Standing For Trayvon Martin: Red Bank man organizes ‘silent and peaceful’ gathering memory of slain Florida teen
RED BANK — The shooting of unarmed 17-year-old Trayvon Martin by a neighborhood watch volunteer in Sanford, Fla. Feb. 26 has sparked a national debate.
What really happened between the two men in Sanford is still not known.
But the impact of the incident is being felt around the nation and in the two rivers.
This Monday, a gathering in memory of Martin will take place
Billed as a “Silent and Peaceful Stand for Trayvon Martin,” the event is being organized by Team I.M.P.A.C.T., a group that mentors young black men and boys.
The purpose of the gathering, its organizers say, is to call attention to the already high profile incident, and to focus similar situations that place young African-Americans at risk.
“It’s not a rally, it’s not a march,” the organization’s founder, Darnell Lewis, said on Wednesday. “It’s a stand of silence and peace for that particular hour, in solidarity,” with the Martin family.
The gathering is scheduled for Monday from 6:30-7:30 p.m. on the corner of Shrewsbury Avenue and Drs. James Parker Boulevard. It will be “a peaceful assembly,” Lewis said.
Lewis contacted some area churches and community organizations to help spread the word about the event. He and his organization applied to borough police and obtained the required permit to allow the vigil to go forward. Lewis said he told police he would expect between 100-500 people to attend.

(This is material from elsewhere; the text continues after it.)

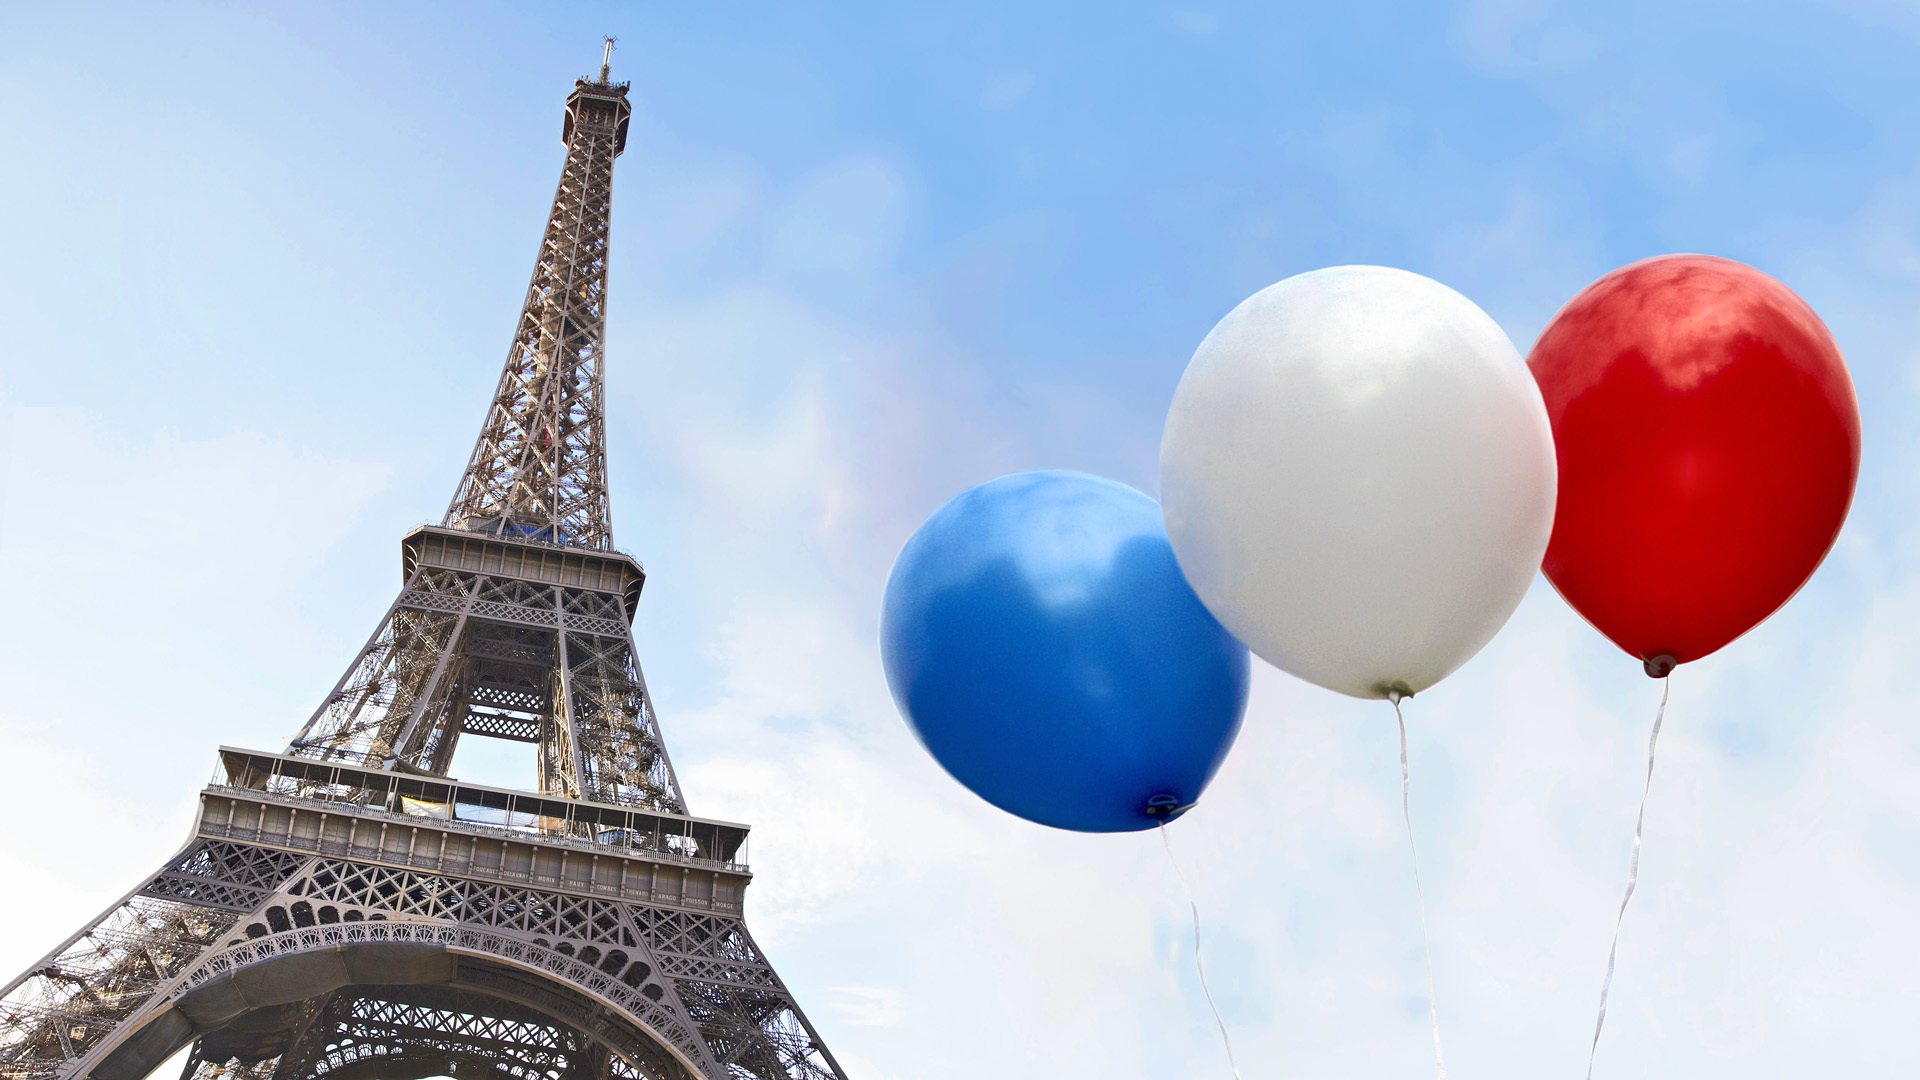 Да здравствует Франция! смотреть фото

The intent, Lewis explained, is for “showing that we stand up for our youth, and in particular our black children.”
The incident, as widely reported, involved the Feb. 26 shooting and killing of Martin, an African American teenager, by George Zimmerman, who was a volunteer for a neighborhood community watch group. It has been reported that Martin was unarmed and that Zimmerman claims to have shot Martin in self-defense.
The shooting has sparked outrage and concern, especially in black communities, with some alleging that Martin was shot because of his race and attire, including wearing a hooded sweatshirt, or “hoodie,” which, although worn by people of all ages and races, some associate with criminals.

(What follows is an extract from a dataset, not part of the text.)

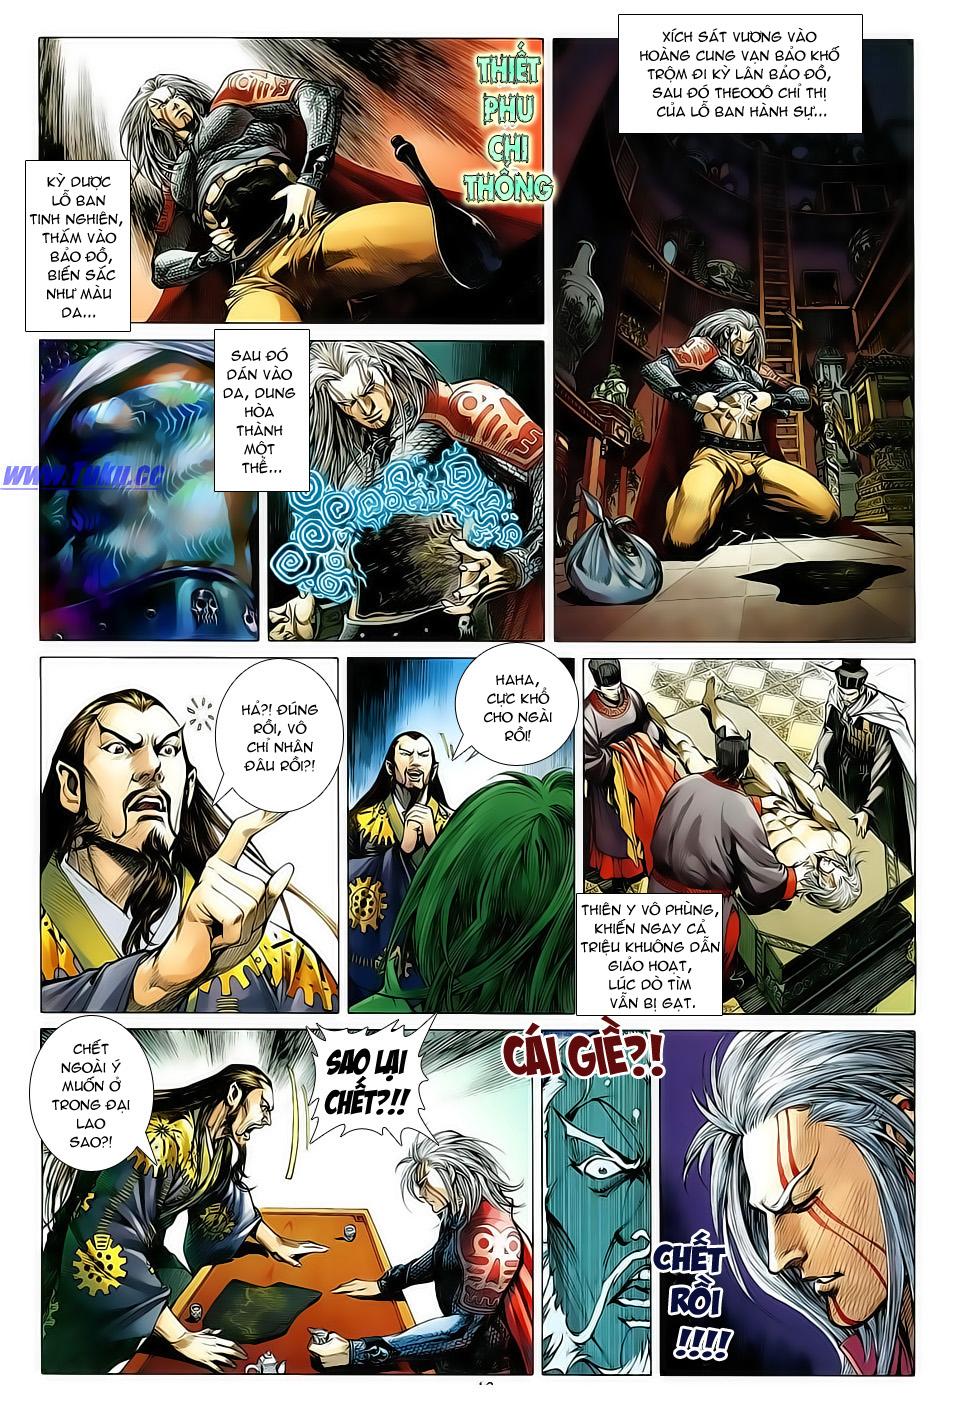 truyện tranh thiết tướng tung hoành Chapter 4/

Lewis is calling on those planning to his assembly to wear hoodies in a show of support.
Lewis, 34, who is black, was born and raised in Red Bank, He is a graduate of Red Bank Regional High School, Little Silver and attended Delaware State University on a football scholarship. Following his college graduation,he worked for not-for-profit organizations.
He recently moved back to Red Bank after living and working in Wilmington, Delaware for the past eight years.

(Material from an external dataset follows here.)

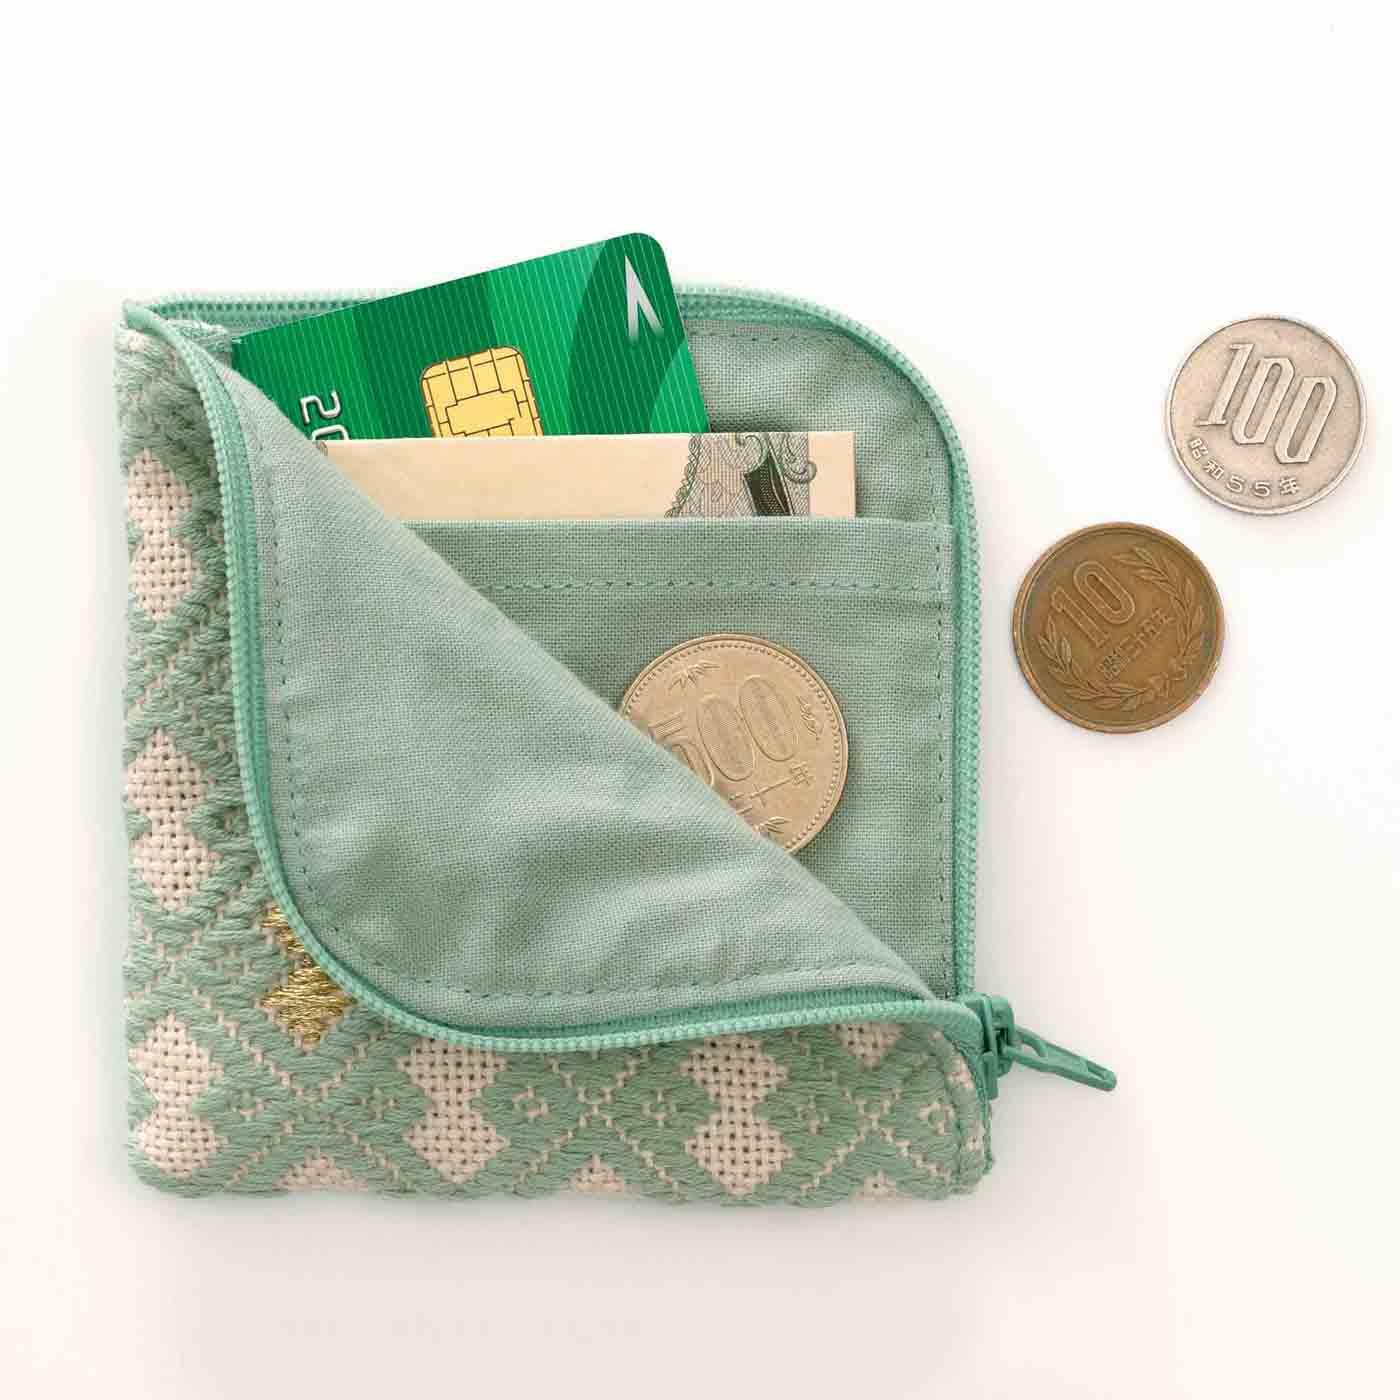 お札やカードとコインを分けて収納できるポケット付きで使いやすい。

And as a young man of color, he said, he knows the sting of being stereotyped for his race and clothing.
“I know it is constantly on your mind as a young black male in America,” he said.
“When I dress down, that’s what I wear,” he said, referring to a hooded sweatshirt. He feels many people “tend to jump the gun and judge a book by its cover.”
He recalled instances in college, “where, we’re outside, just hanging around the car, maybe an officer pulls up and kind of assumes,” he said without completing the sentence.
“Sometimes in that whole process, you feel yourself scared or feeling threatened for something you know you didn’t do,” he said.
He characterized himself as “A young man who has come through life, made some mistakes, made some good choices, made some bad choices.
“But I’ve learned from doing,” he said.
“For me it’s even more personal. I am Trayvon Martin,” he said.
The purpose of his organization is to work with youth, especially boys and young men, and help to steer them from bad choices by offering positive role models. And if they make mistakes, “help them to understand their mistakes and learn from (them) and how to move on from them.”